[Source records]
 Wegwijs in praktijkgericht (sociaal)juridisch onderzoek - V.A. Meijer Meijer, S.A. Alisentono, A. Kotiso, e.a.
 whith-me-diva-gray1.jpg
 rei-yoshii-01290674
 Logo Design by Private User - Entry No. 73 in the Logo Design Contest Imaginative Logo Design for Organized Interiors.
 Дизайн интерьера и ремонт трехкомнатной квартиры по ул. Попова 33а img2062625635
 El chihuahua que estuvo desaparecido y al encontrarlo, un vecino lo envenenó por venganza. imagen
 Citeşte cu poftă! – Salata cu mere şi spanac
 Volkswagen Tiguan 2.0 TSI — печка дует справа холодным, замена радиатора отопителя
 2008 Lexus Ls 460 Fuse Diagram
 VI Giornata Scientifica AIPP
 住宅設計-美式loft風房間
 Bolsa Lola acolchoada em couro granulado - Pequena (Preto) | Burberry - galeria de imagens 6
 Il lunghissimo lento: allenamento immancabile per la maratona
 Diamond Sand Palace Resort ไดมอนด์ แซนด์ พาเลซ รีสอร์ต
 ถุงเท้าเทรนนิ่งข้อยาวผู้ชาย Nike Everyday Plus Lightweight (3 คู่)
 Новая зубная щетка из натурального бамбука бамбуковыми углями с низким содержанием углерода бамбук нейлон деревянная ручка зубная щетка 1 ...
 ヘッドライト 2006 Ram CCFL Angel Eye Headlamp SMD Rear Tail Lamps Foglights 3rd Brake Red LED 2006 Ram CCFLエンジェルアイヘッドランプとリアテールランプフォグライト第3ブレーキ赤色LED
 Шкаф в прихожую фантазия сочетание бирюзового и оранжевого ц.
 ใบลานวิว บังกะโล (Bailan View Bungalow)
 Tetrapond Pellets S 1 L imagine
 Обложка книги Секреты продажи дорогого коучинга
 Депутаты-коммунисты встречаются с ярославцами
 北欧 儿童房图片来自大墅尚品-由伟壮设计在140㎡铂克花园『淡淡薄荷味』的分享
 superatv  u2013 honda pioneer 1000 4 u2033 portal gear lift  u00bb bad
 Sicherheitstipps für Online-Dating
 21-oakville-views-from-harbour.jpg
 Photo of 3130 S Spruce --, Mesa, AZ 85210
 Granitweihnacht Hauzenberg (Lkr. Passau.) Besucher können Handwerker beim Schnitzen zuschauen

▸ TASK TO CARRY OUT
Starting at the line that contains "Депутаты-коммунисты встречаются с", retype each line through the last one in the records, both included, and add nothing.

▸ SOLUTION
 Депутаты-коммунисты встречаются с ярославцами
 北欧 儿童房图片来自大墅尚品-由伟壮设计在140㎡铂克花园『淡淡薄荷味』的分享
 superatv  u2013 honda pioneer 1000 4 u2033 portal gear lift  u00bb bad
 Sicherheitstipps für Online-Dating
 21-oakville-views-from-harbour.jpg
 Photo of 3130 S Spruce --, Mesa, AZ 85210
 Granitweihnacht Hauzenberg (Lkr. Passau.) Besucher können Handwerker beim Schnitzen zuschauen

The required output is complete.